### Task statement
Because the copy must hold no pictures, return the data below with all of its words intact.

### Dataset section
===
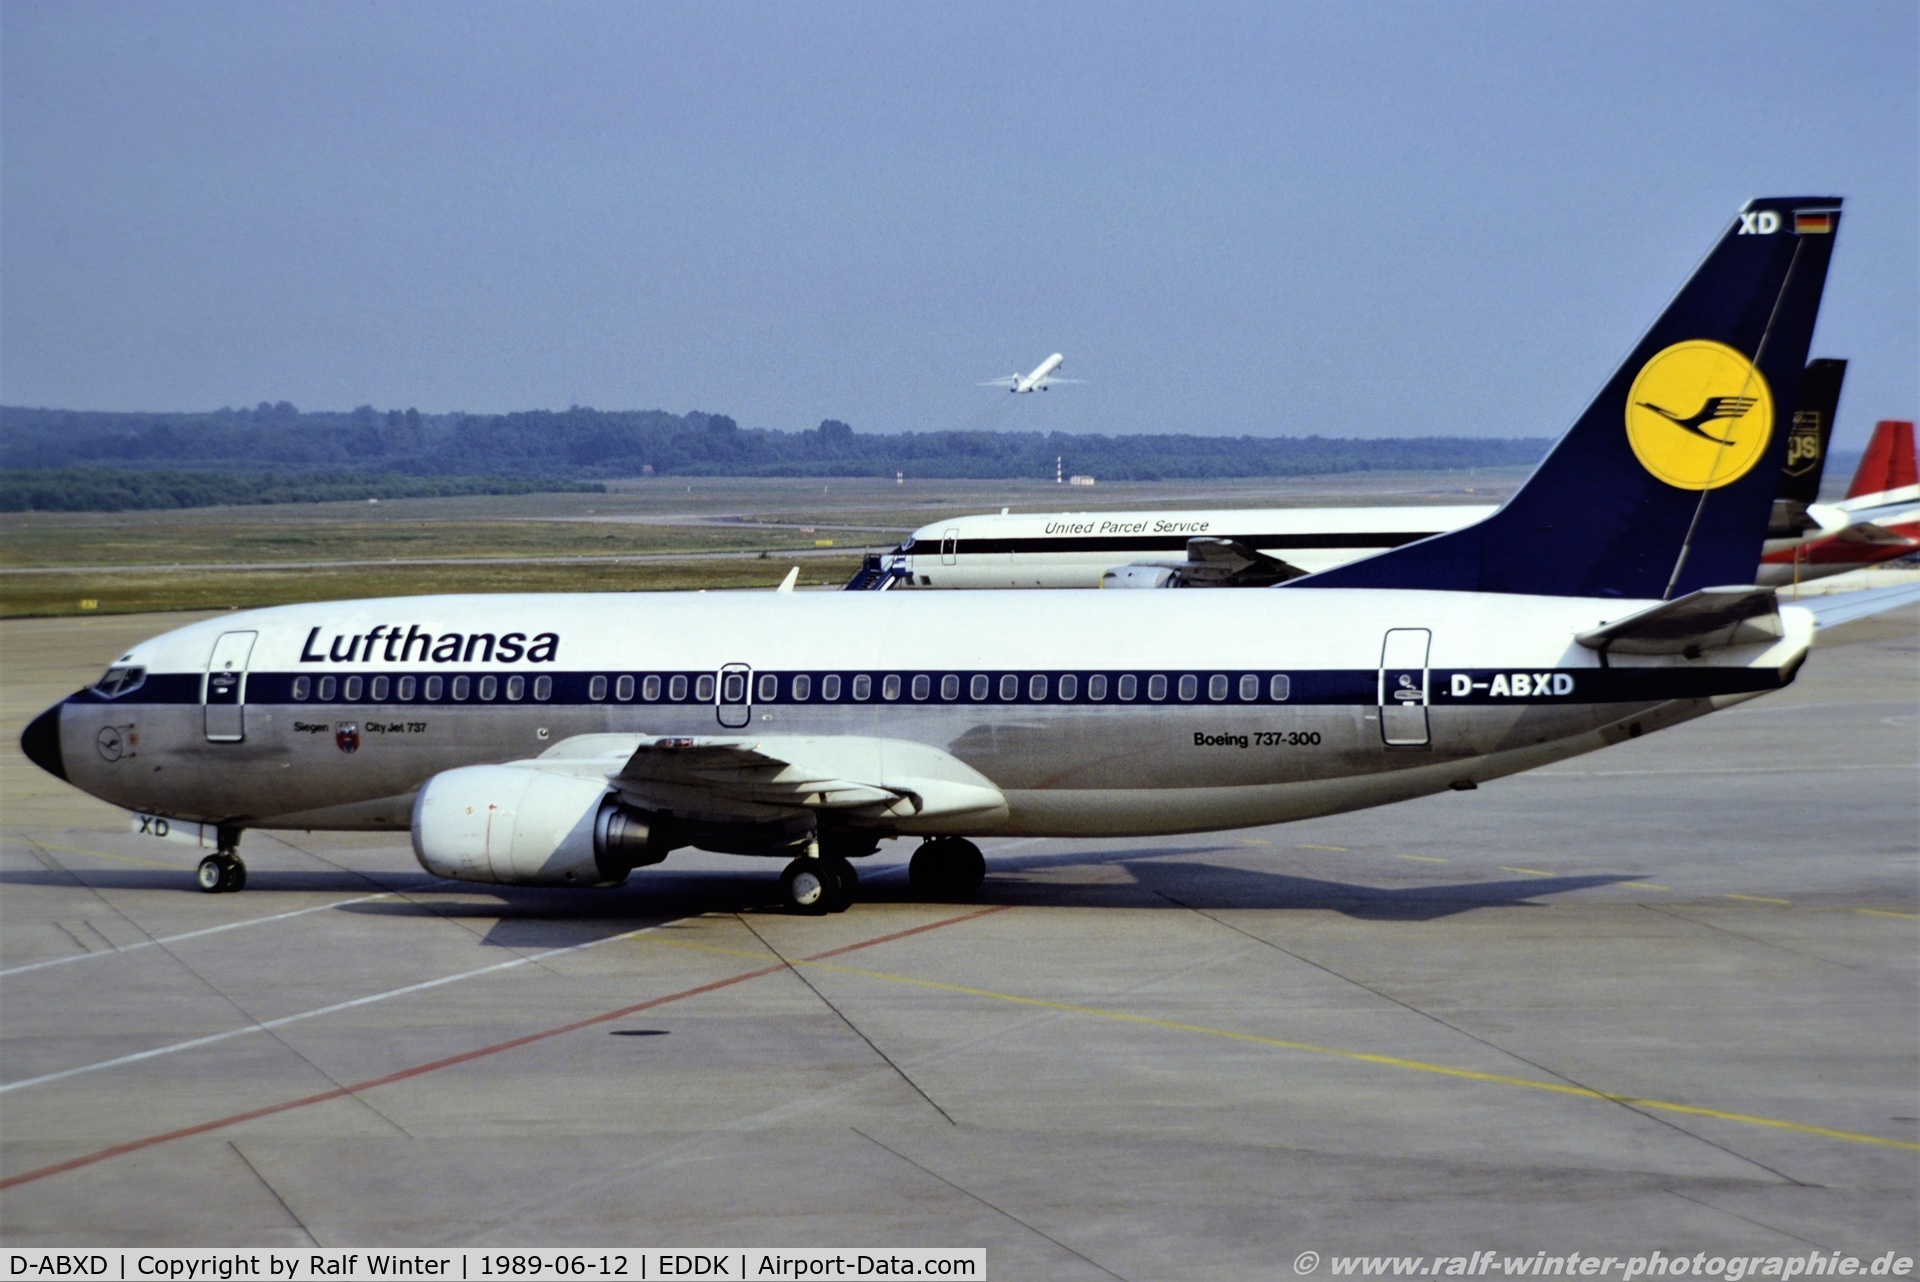 D-ABXD, 1986 Boeing 737-330 C/N 23525, Boeing 737-330 - LH DLH Lufthansa 'Siegen' - 23525 - D-ABXD - 12.06.1989 - CGN
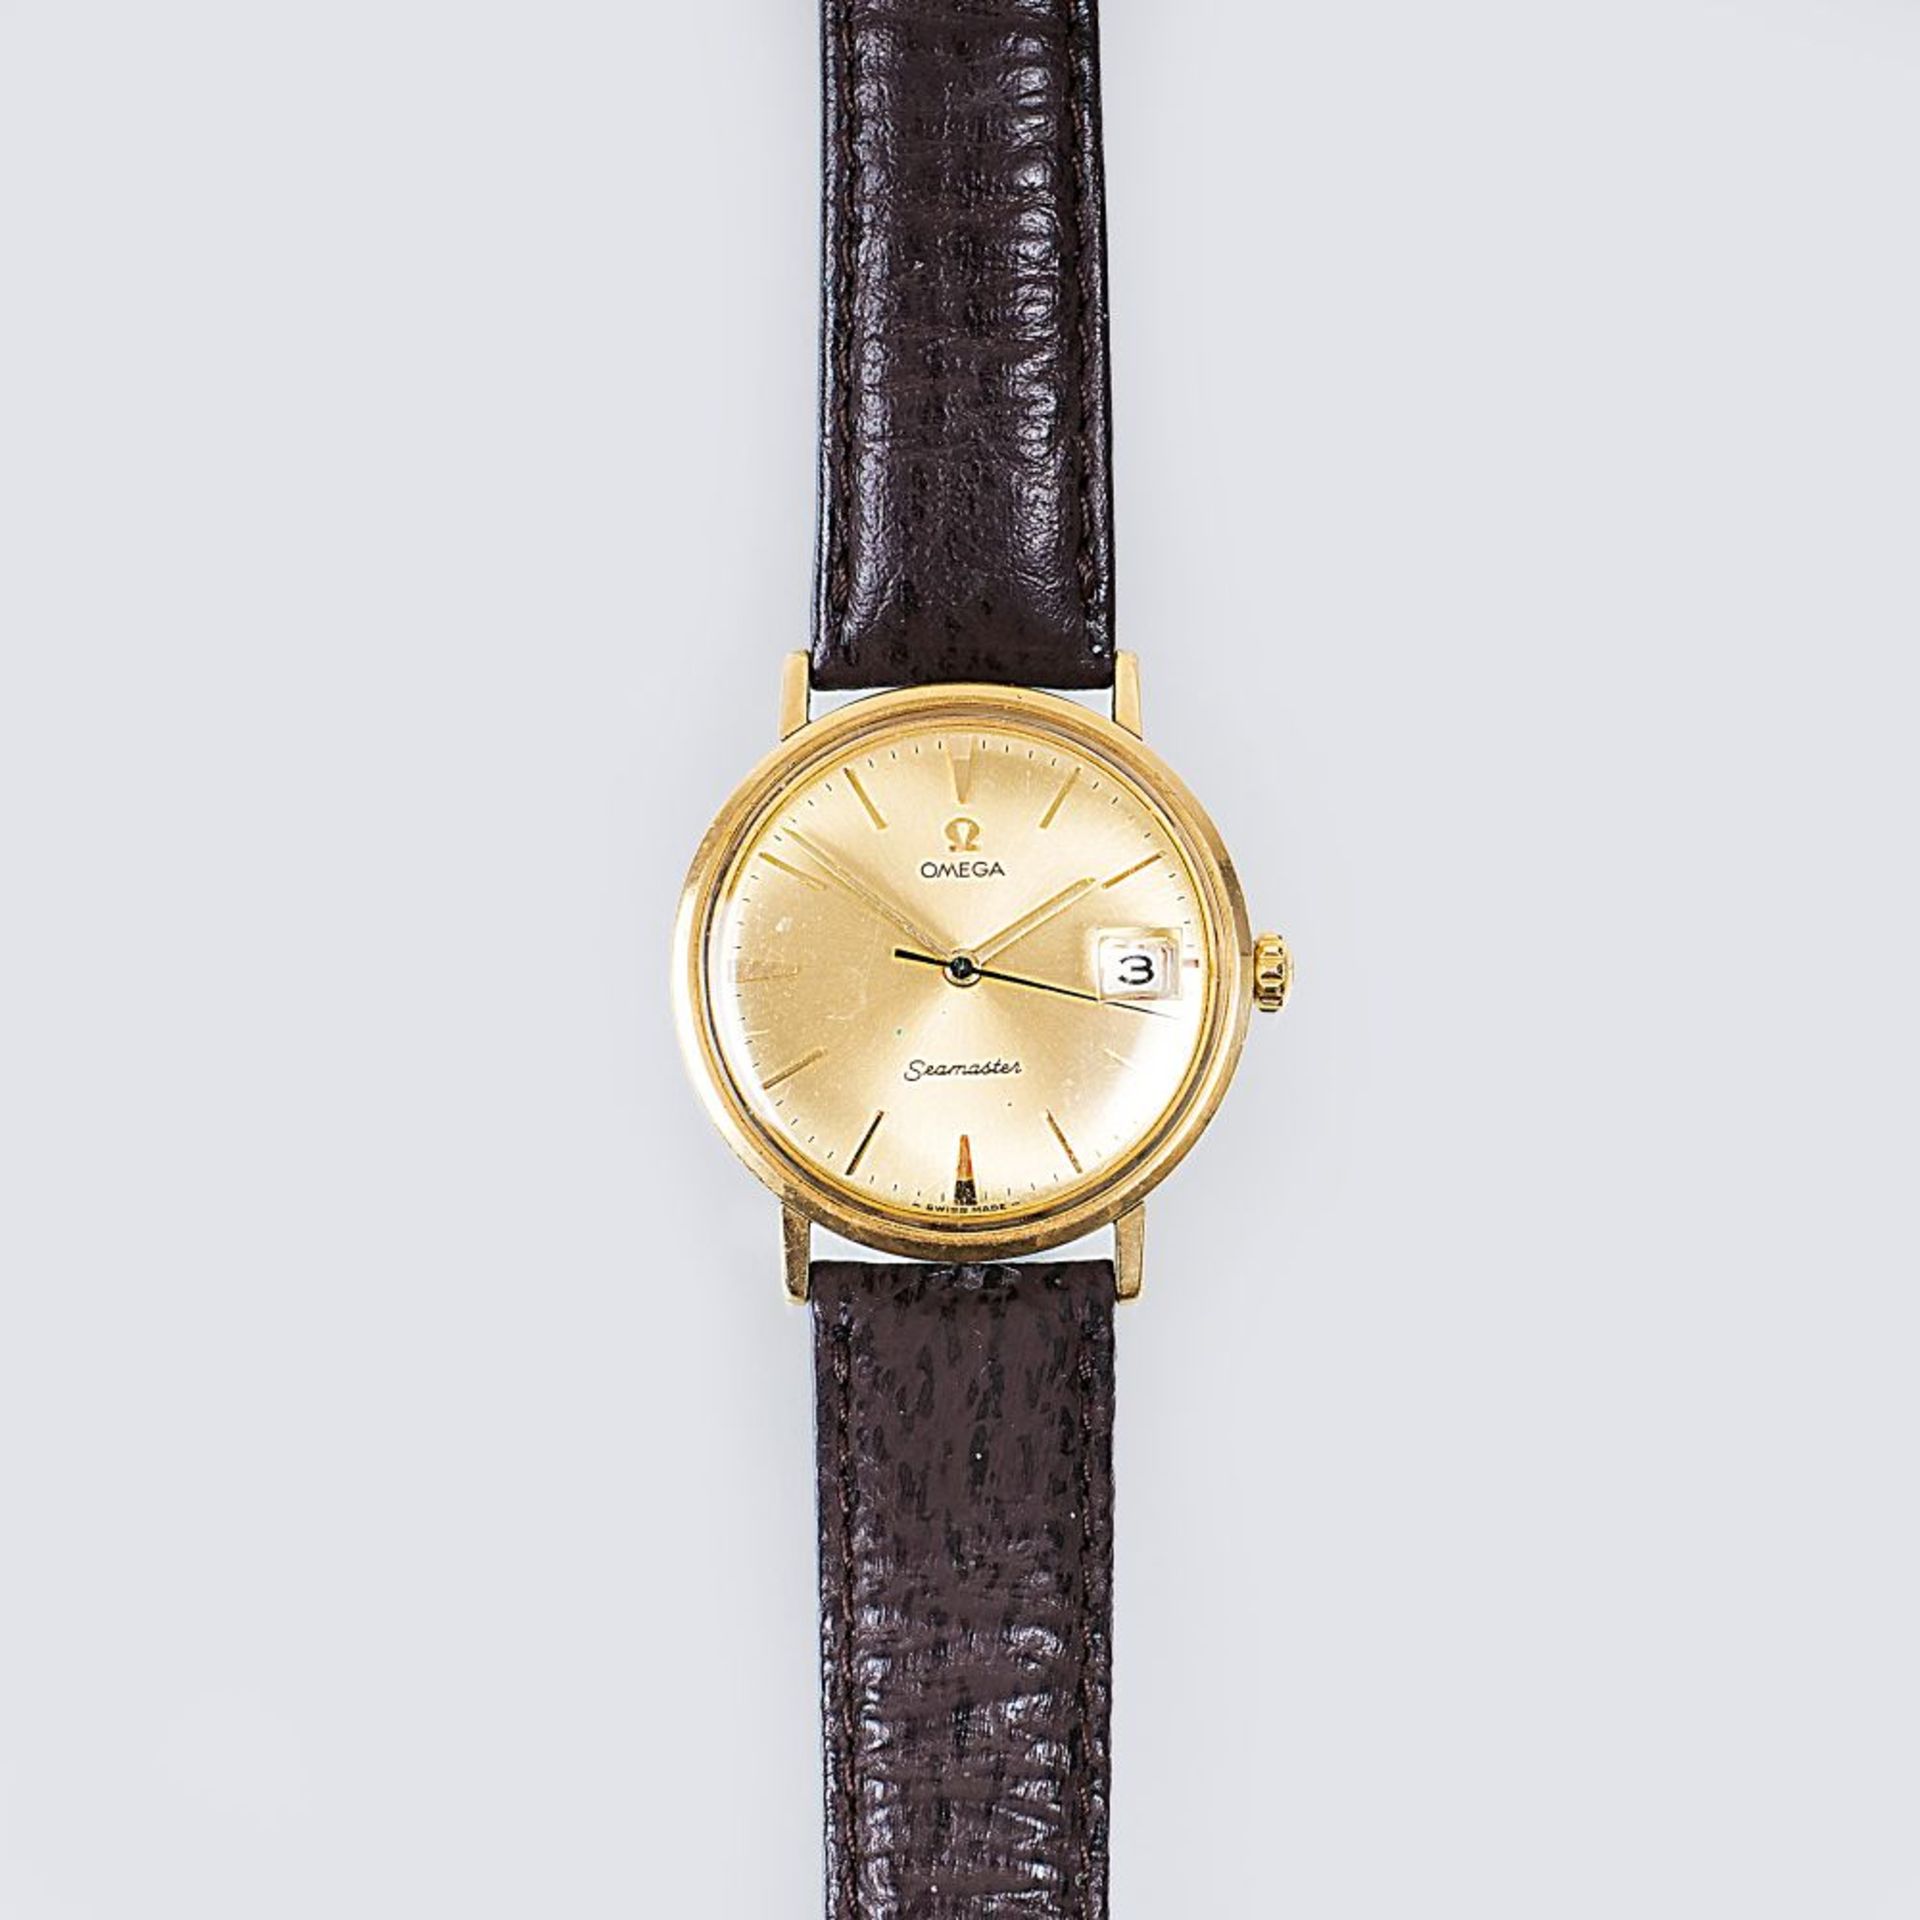 Omega gegr. 1848 in La Chaux-de-Fonds. Vintage Herren-Armbanduhr 'Seamaster'. Um 1960. Stahl,
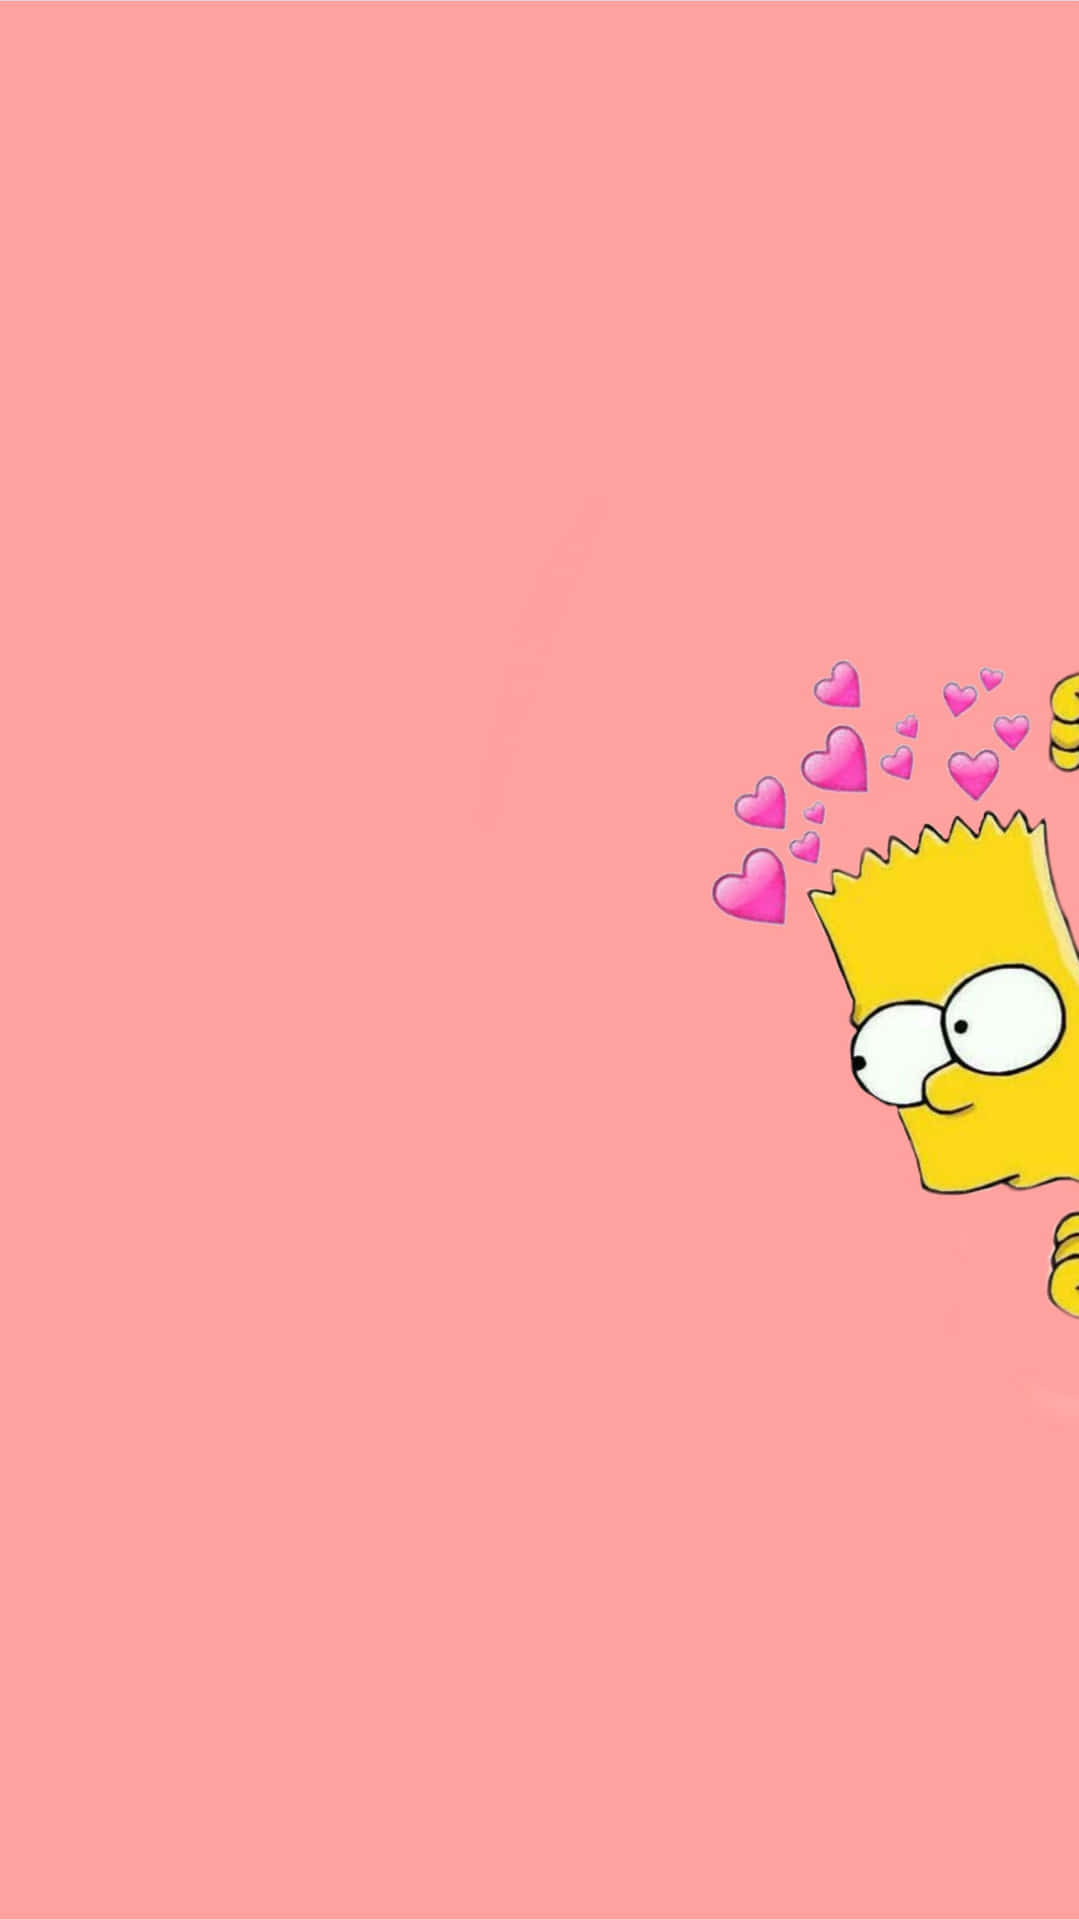 Aggiungiun Po' Di Divertimento Alla Tua Casa Con L'iconico Personaggio Di Saturday Night Live, Bart Simpson. Sfondo
===
### Answer to this task
 D-ABXD, 1986 Boeing 737-330 C/N 23525, Boeing 737-330 - LH DLH Lufthansa 'Siegen' - 23525 - D-ABXD - 12.06.1989 - CGN
 Omega gegr. 1848 in La Chaux-de-Fonds. Vintage Herren-Armbanduhr 'Seamaster'. Um 1960. Stahl,
 Aggiungiun Po' Di Divertimento Alla Tua Casa Con L'iconico Personaggio Di Saturday Night Live, Bart Simpson. Sfondo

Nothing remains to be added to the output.